Results: Statistically significant differences among tumor grades were shown for MK, MD, mean rrCBV, mean rrCBF, rDR, lipids over total choline, lipids over creatine, sum of myo-inositol, and sum of creatine. DSC-MRI proved to be the modality with the best performance when comparing modalities individually, while the multimodal decision tree proved to be most accurate in predicting tumor grade, with a performance of 86%.

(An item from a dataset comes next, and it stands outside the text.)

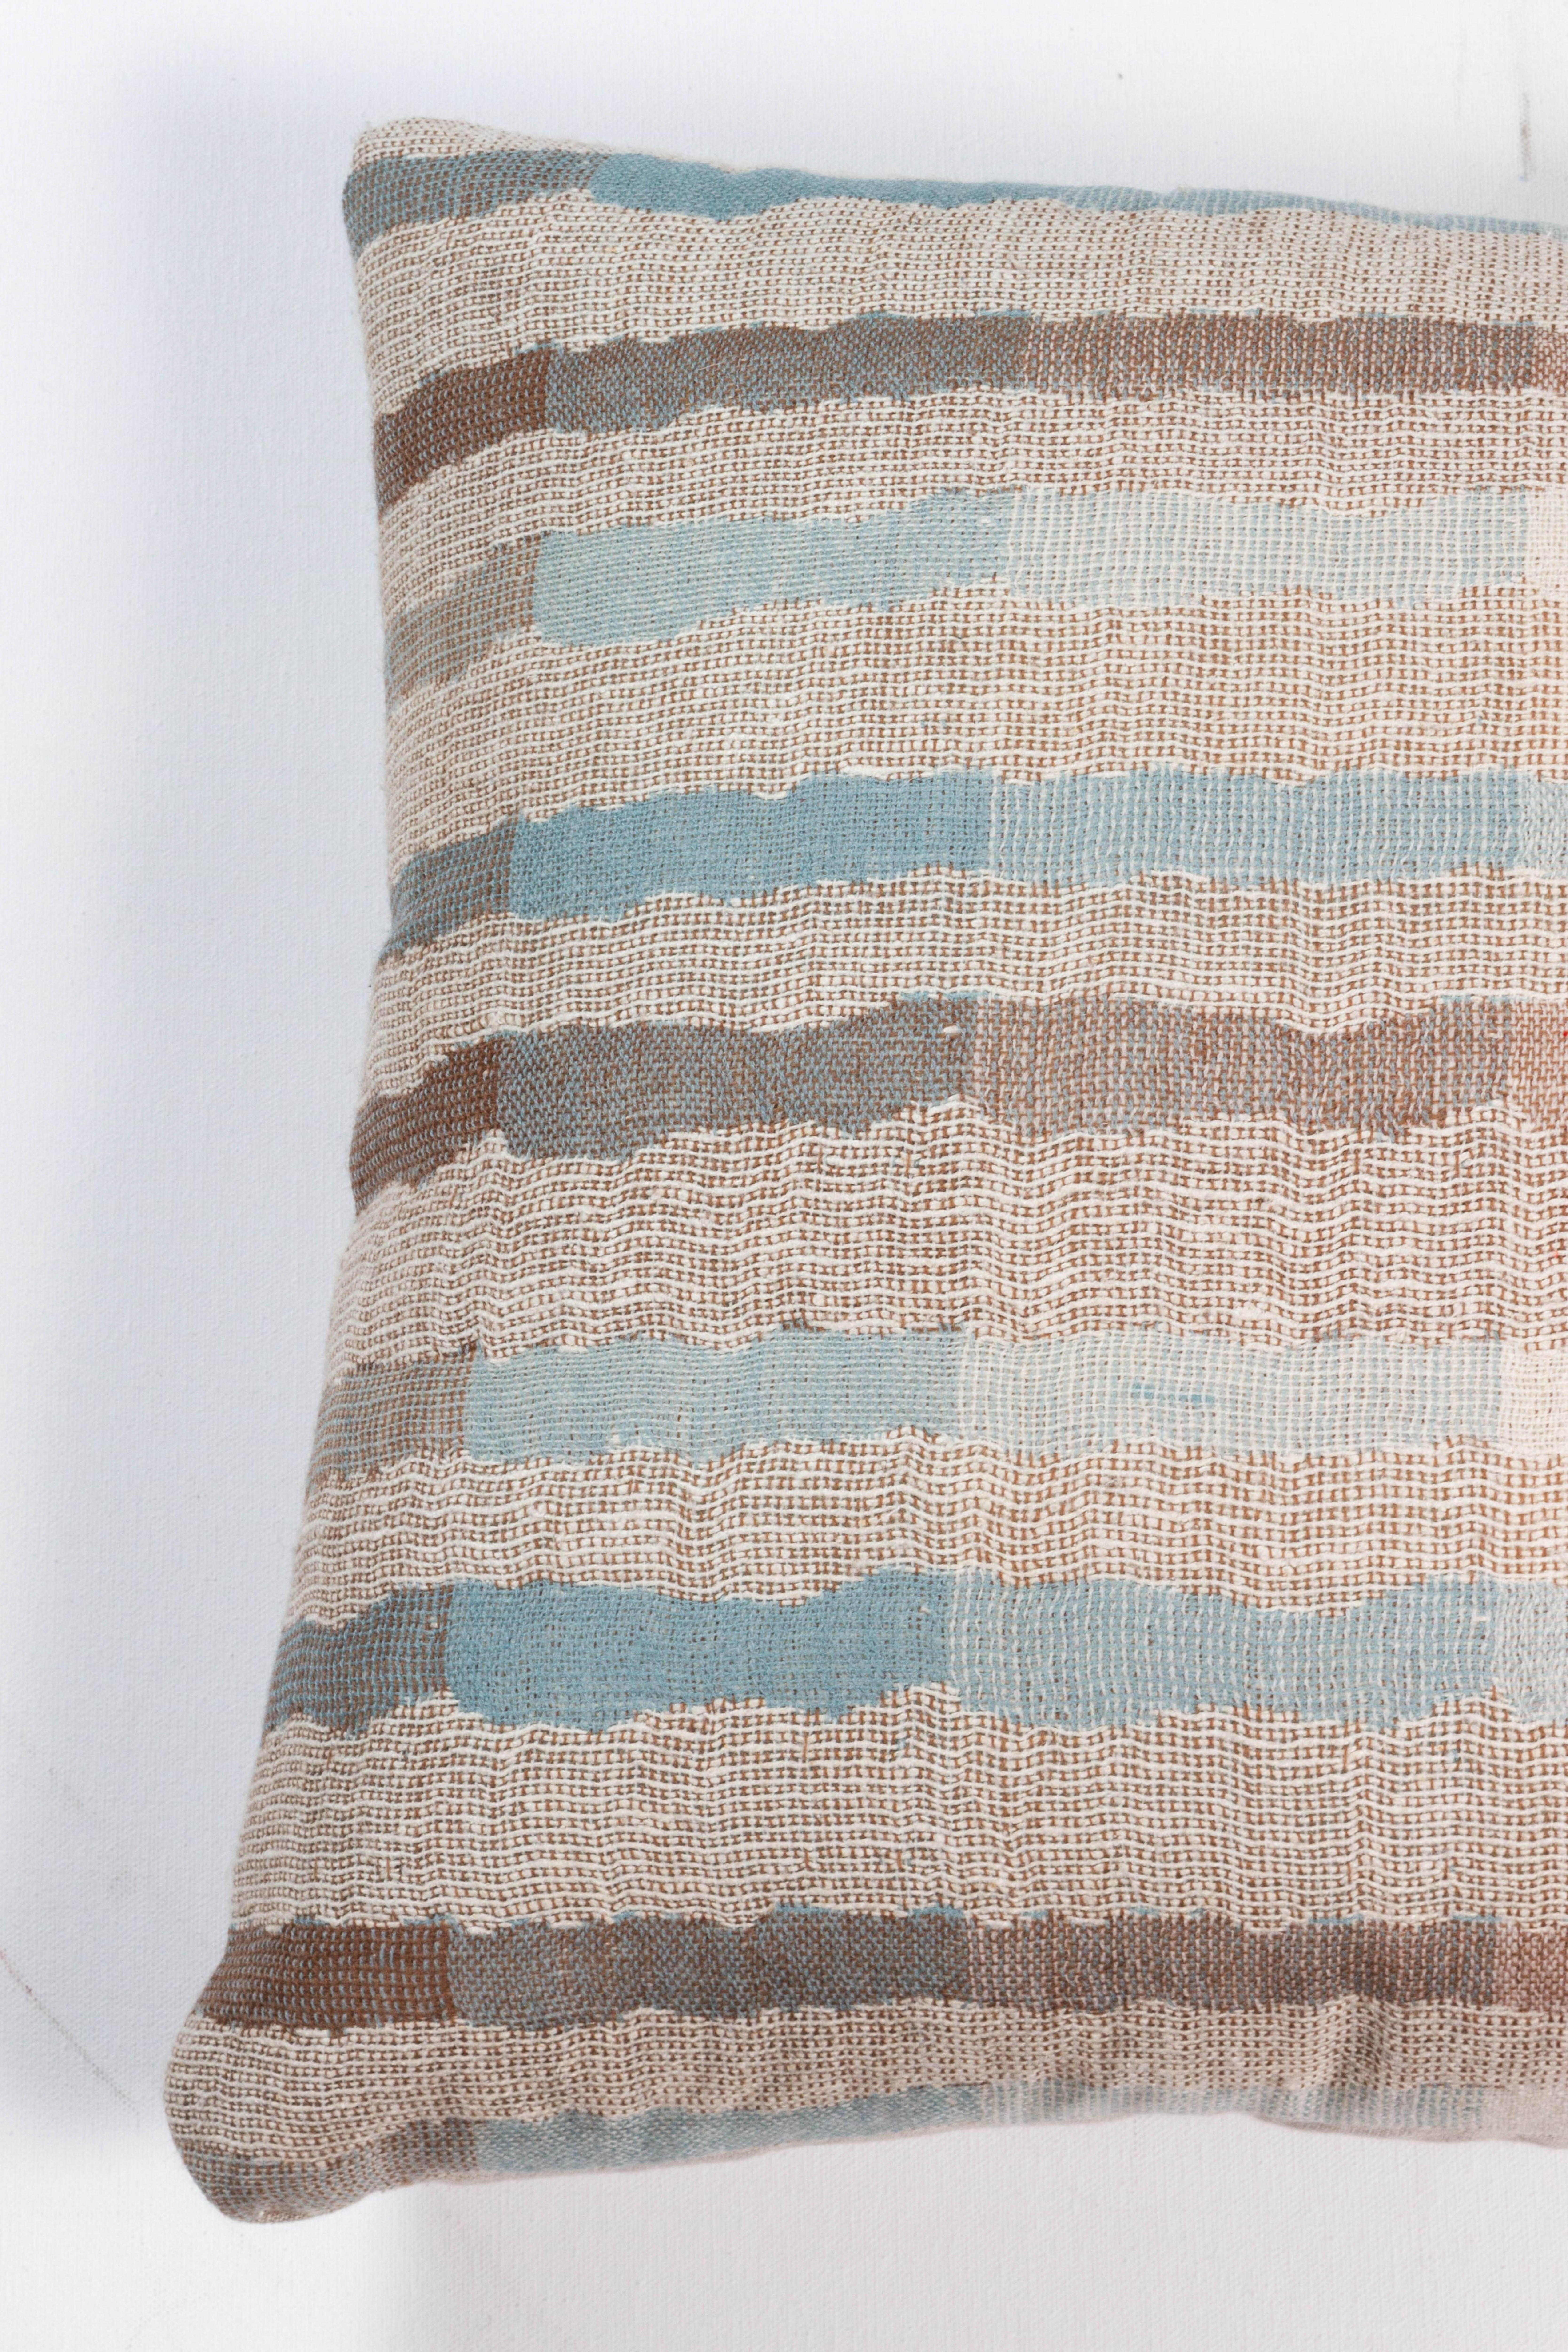 A contemporary line of cushions, pillows, throws, bedcovers, bedspreads and yardage hand woven in India on antique jacquard looms. Handspun wool, cotton, linen, and raw silk give the textiles an appealing uneven quality.

This wool and raw Tussar

Conclusions: Combining information from DKI, DSC-MRI, and CSI increases diagnostic accuracy to differentiate low- from high-grade gliomas, possibly providing diagnosis for the individual patient.

Fig. 1.

Box plots of MK, fractional anisotropy (FA), and MD against tumor grade. Asterisk (*) indicates statistically significant differences (P < .05, Bonferroni corrected) of the respective diffusion parameters with tumor grade. MD values in 10⁻³ mm²/s. The remaining parameters are dimensionless. Error bars indicate interquartile ranges.

Fig. 2.

Box plots of mean rrCBV, mean rrCBF, MTT, and rDR against tumor grade. Asterisk (*) indicates statistically significant differences (P < .05, Bonferroni corrected) of the respective perfusion parameter with tumor grade. MTT values in seconds. The remaining parameters are dimensionless. Error bars indicate interquartile ranges.

Fig. 3.

Box plots of the statistically significant CSI parameters against tumor grade. For the box plots of all considered CSI parameters, refer to Supplementary Fig. 1. Asterisk (*) indicates statistically significant differences (P < .05, Bonferroni corrected) of the respective CSI parameters with tumor grade. All metabolite ratios are dimensionless. Error bars indicate interquartile ranges.

Fig. 4.

ROC curves and area under the curve values for MK and MD (panel A); mean rrCBV, mean rrCBF, and rDR (panel B); and Lips/tCho, Lips/Cre, Myo/sum, and Cre/sum (panel C) in solid tumor in order to differentiate between low- and high-grade glioma.

Fig. 5.

(A–C) ROC curves indicating the sensitivities and specificities of mean rrCBF-based, MK-based, and Lips/tCho-based differentiation between low- and high-grade gliomas, respectively. The 2 indicated points show the range where misclassifications can occur in this specific study population. The cutoff values indicated on the ROCs are an example obtained during a validation run randomly selected in the leave-one-out cross-validation. (D) Decision tree to distinguish low- from high-grade glioma in our study population based on the ranges of possible misclassification of mean rrCBF, MK, and Lips/tCho obtained for the leave-one-out cross-validation. The percentage of undecided cases after each decision step is indicated at each level. Nine percent of cases could not be classified using the proposed decision algorithm.

Fig. 6.

T2-weighted MRI, mean rrCBF, MK, and Lips/tCho maps of a 71-year-old female patient with GBM in the left parietal lobe (panel A) and a 35-year-old male patient with a grade II pilocytic astrocytoma in the left temporal lobe (panel B). The mean rrCBF and MK maps display the tumoral area in detail as indicated on the T2-weighted MRI with the purple box. Notice the high mean rrCBF and MK values in the high-grade glioma (top row) compared with the low-grade glioma (bottom row). The VOI of the CSI (green box) is superimposed on the T2-weighted images showing Lips/tCho ratios per voxel. The tumoral area is indicated with white arrows. Lips/tCho ratios are higher in high-grade glioma compared with low-grade glioma. Notice that only the center voxels are displayed in the color map for the sake of clarity, as the outer rows are affected by the chemical shift displacement error (CSDE). This CSDE can be defined as the difference in location of the center of the excitation or refocusing slices of 2 resonances with a different chemical shift, ie, Lips (0.9 and 1.3 ppm) and the carrier frequency of the water suppressed spectrum (2.2 ppm). Intensities of Lips/tCho are equally scaled in the parameter maps of the low- and high-grade glioma patient.

Fig. 7.

Relationships between MK and rrCBF (left), Lips/tCho and rrCBF (center), and Lips/tCho and MK (right). The fitted regression lines, Pearson correlation coefficients (r), P-values, and equation of the fitted line are shown. Low-grade glioma (LGG) cases are plotted as grey circles, while high-grade glioma (HGG) cases are plotted as black dots.